W I T N E S S E T H:
WHEREAS, the Boards of Directors of
Hibernia and Capital One have determined that it is in the best
interests of their respective companies and their stockholders to
consummate the strategic business combination transaction provided
for in this Agreement in which Hibernia will, on the terms and
subject to the conditions set forth in this Agreement, merge with
and into Capital One (the “ Merger ”), so that
Capital One is the surviving corporation in the Merger (sometimes
referred to in such capacity as the “ Surviving
Corporation ”); and
WHEREAS, for federal income Tax
purposes, it is intended that the Merger shall qualify as a
reorganization under the provisions of Section 368(a) of the
Internal Revenue Code of 1986, as amended (the “ Code
”), and this Agreement is intended to be and is adopted as a
“plan of reorganization” for purposes of
Sections 354 and 361 of the Code; and
WHEREAS, the parties desire to make
certain representations, warranties and agreements in connection
with the Merger and also to prescribe certain conditions to the
Merger.
NOW, THEREFORE, in consideration of
the mutual covenants, representations, warranties and agreements
contained in this Agreement, and other good and valuable
consideration, the receipt and sufficiency of which are hereby
acknowledged, and intending to be legally bound hereby, the parties
agree as follows:
ARTICLE I
THE MERGER
1.1 The Merger .
(a) Subject to the terms and conditions of this Agreement, in
accordance with the Delaware General Corporation Law (the “
DGCL ”) and the Louisiana Business Corporation Law
(the “ LBCL ”), at the Effective Time, Hibernia
shall merge with and into Capital One.
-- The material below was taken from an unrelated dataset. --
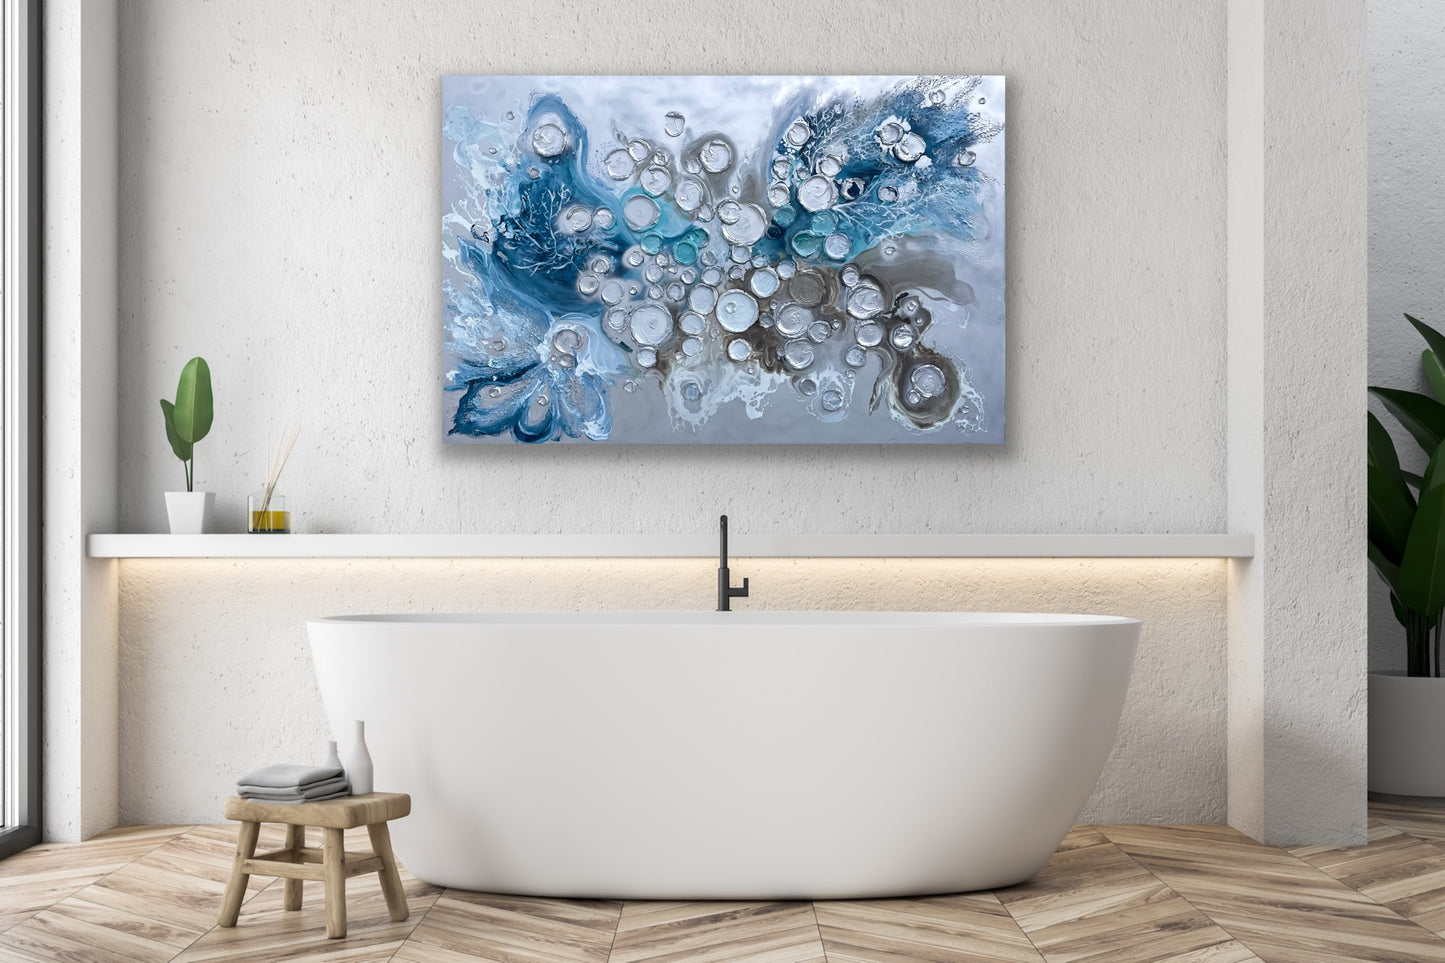 Silver and Blue Barnacles and Corals Painting 40x60 inches

Capital One shall be the
Surviving Corporation in the Merger, and shall continue its
corporate existence under the laws of the State of Delaware. As of
the Effective Time, the separate corporate existence of Hibernia
shall cease.
(b) Capital One may at
any time change the method of effecting the combination (including
by providing for the merger of Hibernia and a wholly owned
subsidiary of Capital One) if and to the extent requested by
Capital One and consented to by Hibernia (such consent not to be
unreasonably withheld); provided , however , that no
such change shall (i) alter or change the amount or kind of
the Merger Consideration provided for in this Agreement, (ii)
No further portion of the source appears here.